If the IAM control plane is impaired, you might not be able to create new IAM roles (a control plane operation) - but you can continue generating and using temporary credentials for existing IAM roles (data plane operations) within the region your workload is running in. This allows statically stable workloads to continue using IAM without interruption.
"Global AWS services still follow the conventional AWS design pattern of separating the control plane and data plane in order to achieve static stability. The significant difference for most global services is that their control plane is hosted in a single AWS Region, while their data plane is globally distributed."
"...eliminating dependencies on control planes (the APIs that implement changes to resources) in your recovery path helps produce more resilient workloads."
You're right of course to distinguish the control plane and data plane, and it sounds like you know more about this than I do for IAM.
I disagree, though, that my post was "highly misleading" despite this omission.
As a practical matter, some services fail to achieve the "static stability" you describe, in terms of not depending on other services’ control planes.
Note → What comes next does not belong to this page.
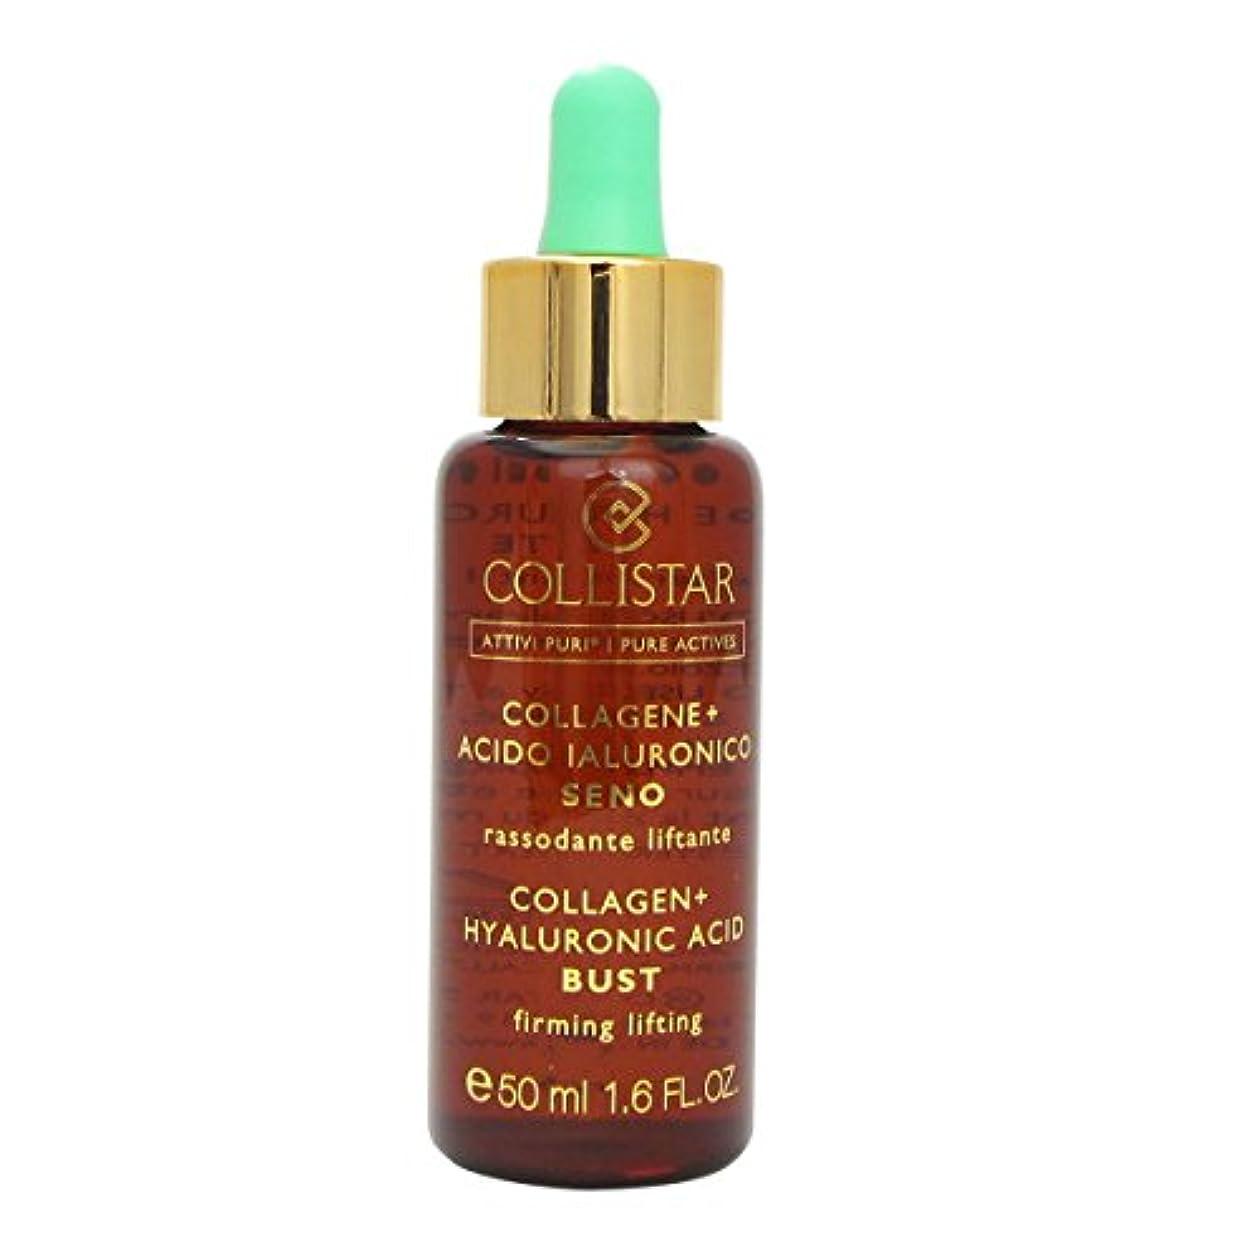 持ってるナイトスポットモジュールCollistar Bust Collagen + Hyaluronic Acid 50ml [並行輸入品]

And also, many on-calls ops and firefighting tasks (to say nothing of canaries and other automated tests) depend on other services’ control planes.
And above all, many AWS engineers (myself very much included even after years there) don't have a clear understanding of the boundaries of other services’ control planes. https://news.ycombinator.com/item?id=48078254
> > During us-east-1 outages it's sometimes possible to continue using existing auth tokens or sessions in other regions, while not possible to grant new ones.
> This is just plain wrong! The IAM Security Token Service (STS), which grants IAM tokens, is a data plane-only service and runs independently in each region.
I didn't mention STS in the service to which you're responding. The service that I worked on the most, RDS, required ssh'ing into live instances to solve basically all non-trivial problems (I'd guess 80% of the tickets that I saw actually resolved required it). And I have no idea if it how STS was involved in generating the ephemeral Midway-signed ssh keys required for it… but whenever there were us-east-1 IAM outages we'd have big problems opening new sessions, while less-capable web-console-based ops tools with long-lived credentials would keep working.
People say this, but this this was just a single AZ, and in the last 3 years of running my startup mostly out of use-1, and we've only had one regional outage, and even that was partial, with most instances uneffected.
And honestly, everybody else's stuff is in use-1, so at least your failures are correlated with your customers lol.
Not OP, but I do single-region us-east-1 for a few reasons:
1. The severity and frequency of us-east-1 outages are vastly overstated. It's fine. These us-east-1 outages almost never affect us. This one didn't; not even our instances in the affected AZ. Only that recent IAM outage affected us a little bit, and it affected every other region, too, since IAM's control plane is centrally hosted in us-east-1. Everybody's uptime depends on us-east-1.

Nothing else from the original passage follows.